In California and Washington, just 1.5 percent of residents use
medical pot. Apply that rate to Florida, and 300,000 patients would
buy medical marijuana.
The Office of Economic and Demographic Research issued a wide range
of estimates for potential sales of legalized pot, from as little as
$197 million a year to as much as $3.3 billion.
The low estimate is based on 250,000 Floridians signing up for the
state's medical marijuana program, then using 3.5 ounces a year at a
price of $225 per ounce. That works out to an annual weed budget of
$788 per person.
The high estimate assumes the same number of patients consume 30
ounces a year at a price of $450 an ounce - a pace that seems
unlikely, considering that users would have to come up with $13,500 a year.

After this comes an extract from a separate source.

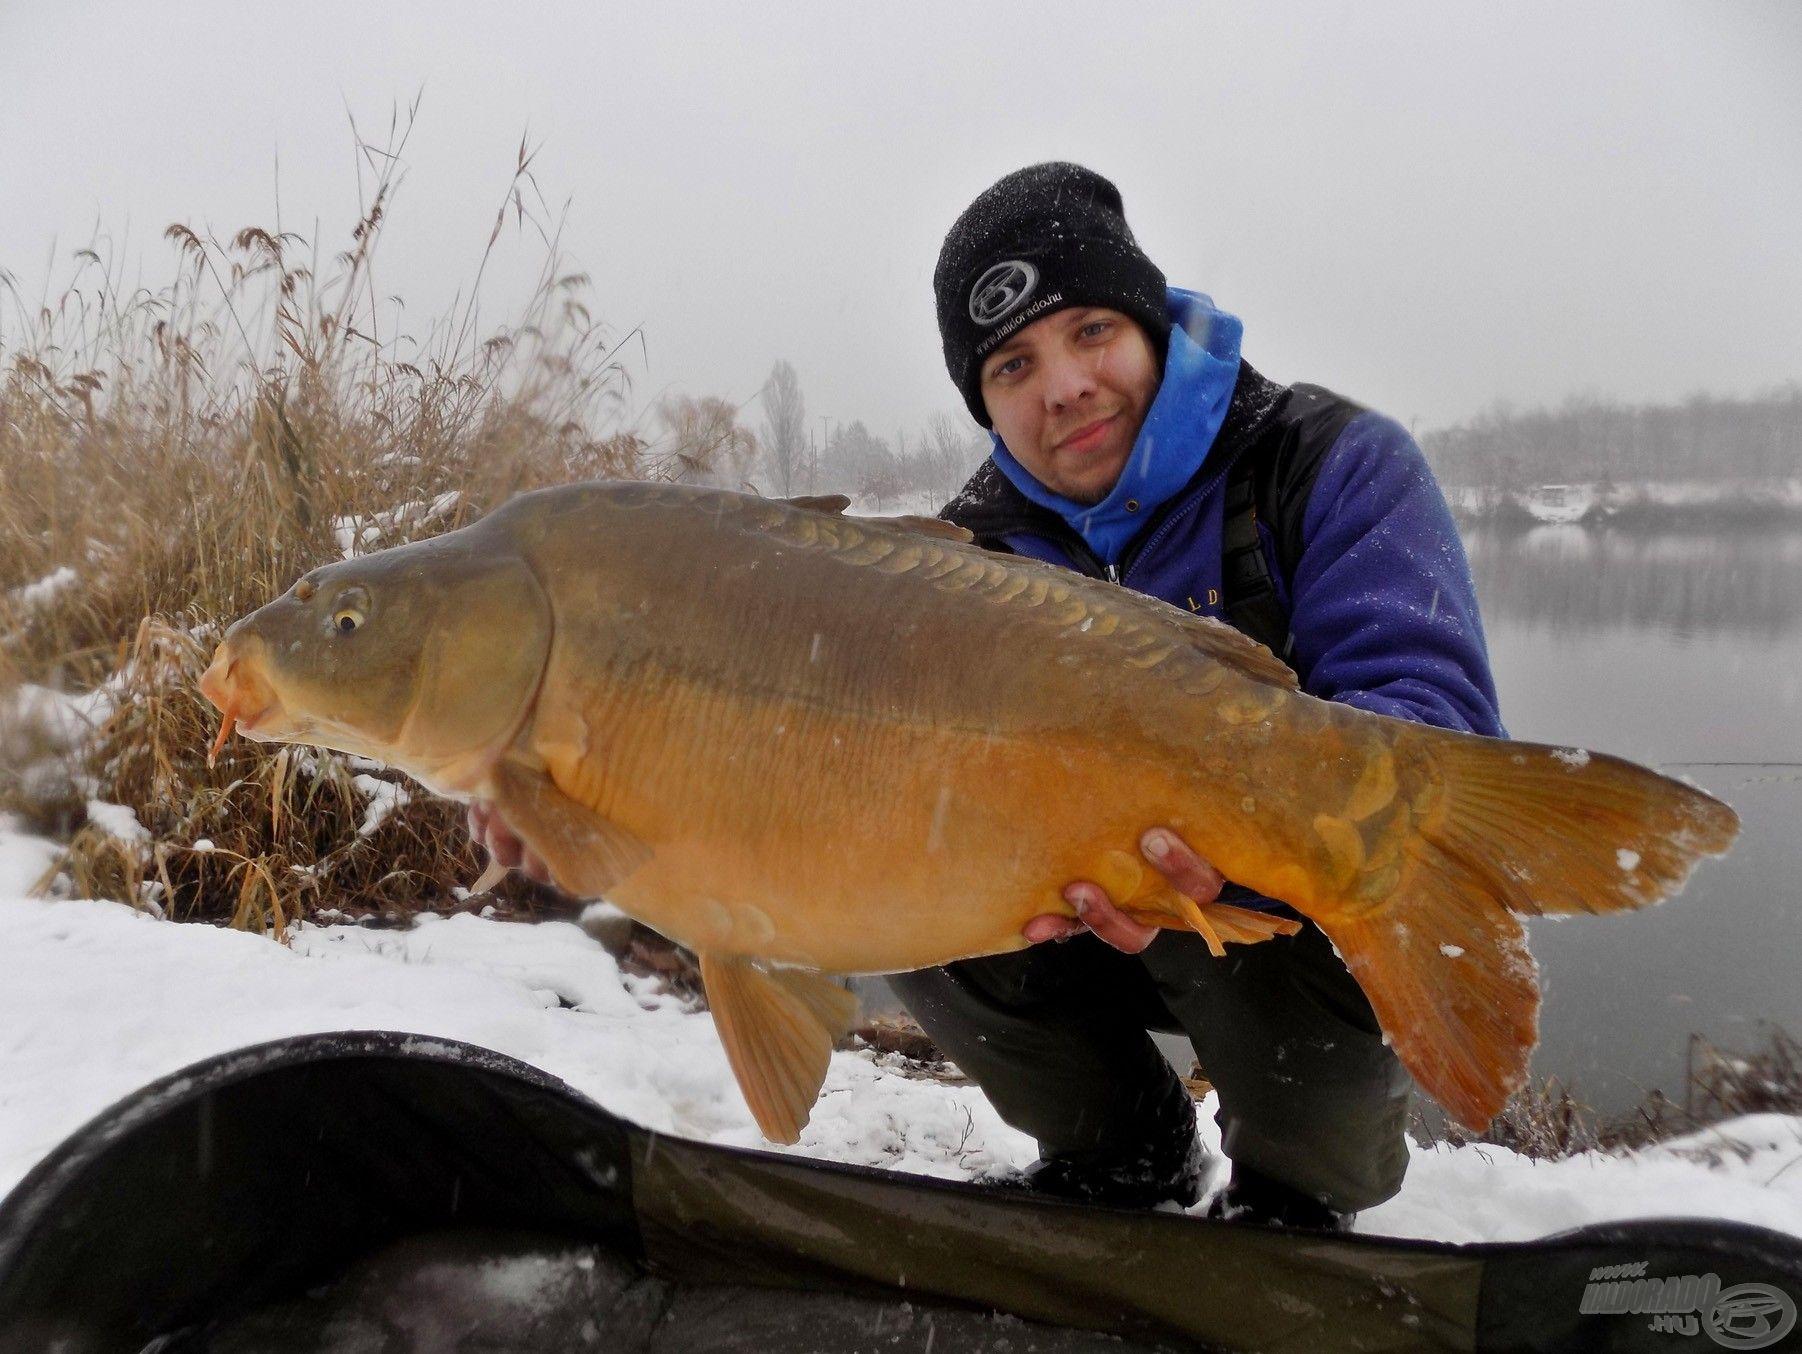 A horgászat végén, a legnagyobb havazásban egy hosszas csata után sikerült ezt a gyönyörű, színekben gazdag tükörpontyot megfognom! Borzasztó büszke vagyok erre a fogásra, ugyanis a körülmények nem éppen voltak horgászatra alkalmasak
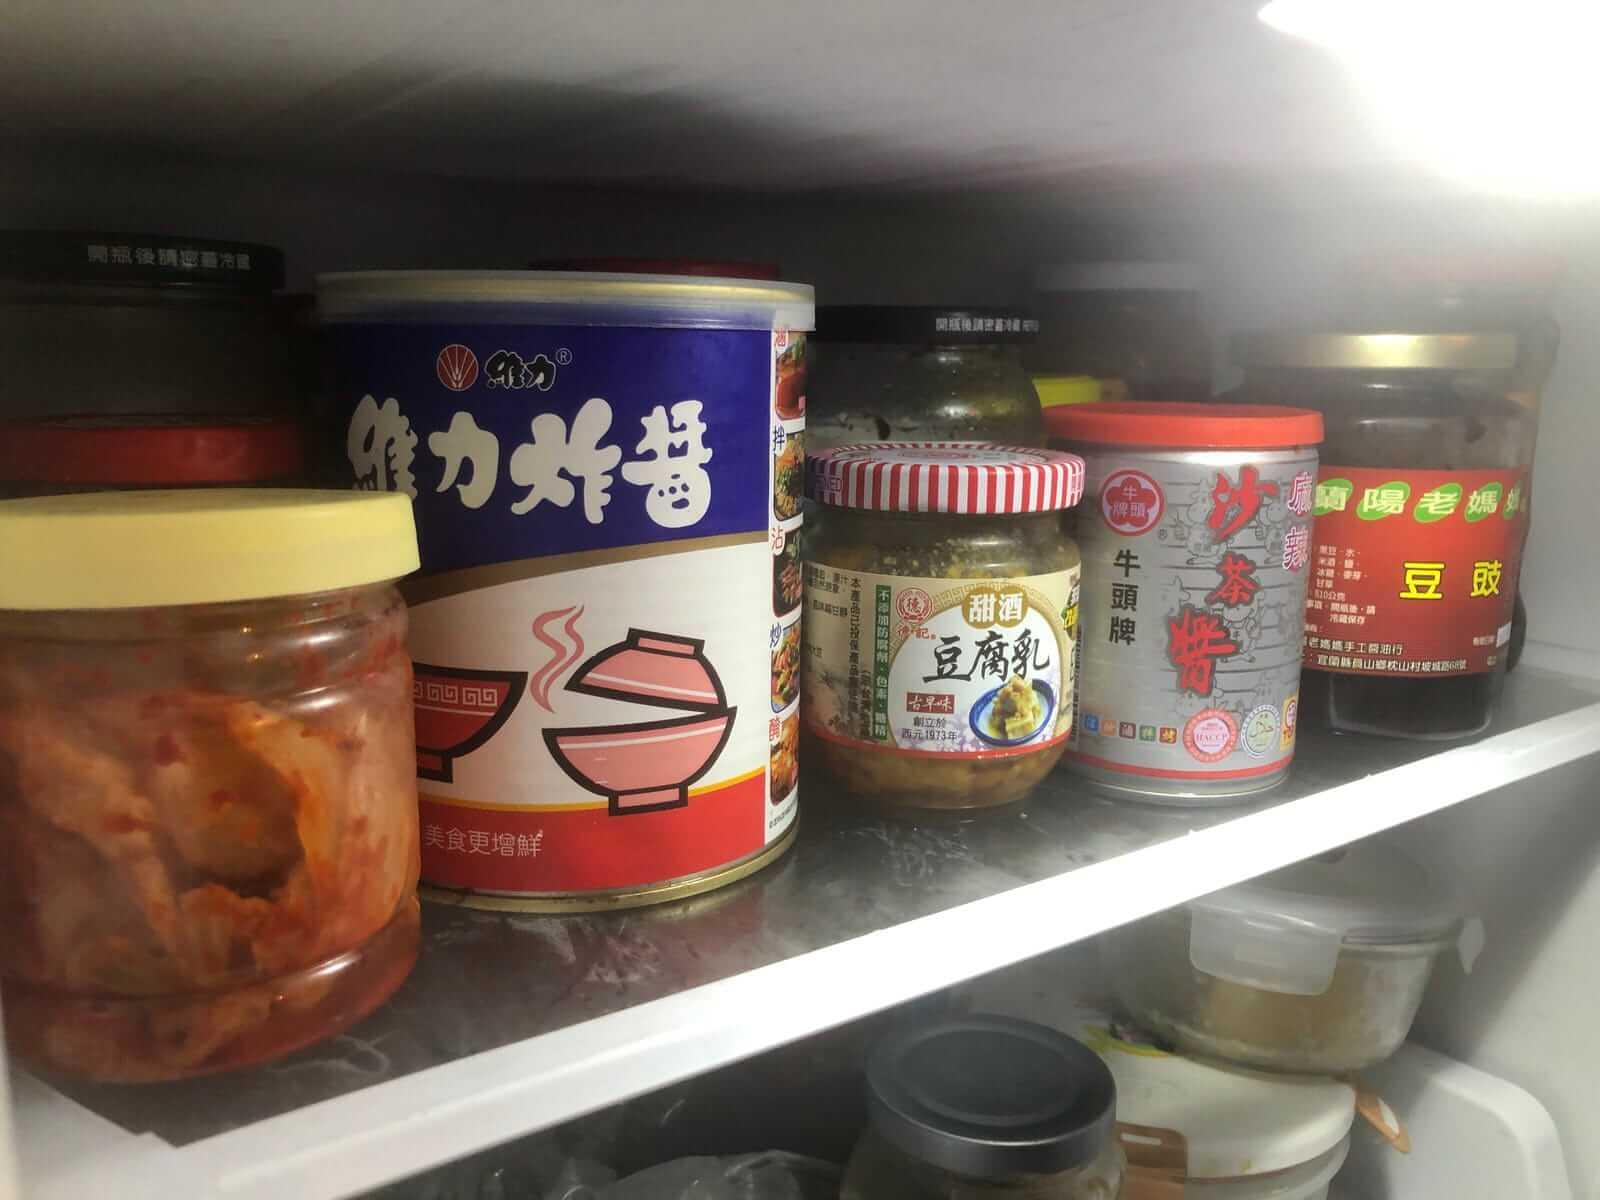 在印度生活,不能太淡也不能太濃的臺灣味

Assuming medical marijuana is subjected to a 6 percent sales tax,
state revenue would range from $12 million to $357 million a year,
the Office of Economic and Demographic Research said.
Colorado, which has a broad legalization policy that allows anyone
over 21 to buy marijuana, collected $111.9 million in marijuana taxes
and fees in the first nine months of the 2015-16 fiscal year,
according to the Colorado Department of Revenue.
"There's a lot of unknowns at this point," Walsh said. "But we are
very bullish on the Florida market. This could be an industry that
generates hundreds of millions of dollars in sales and tens of
millions in revenue to state coffers."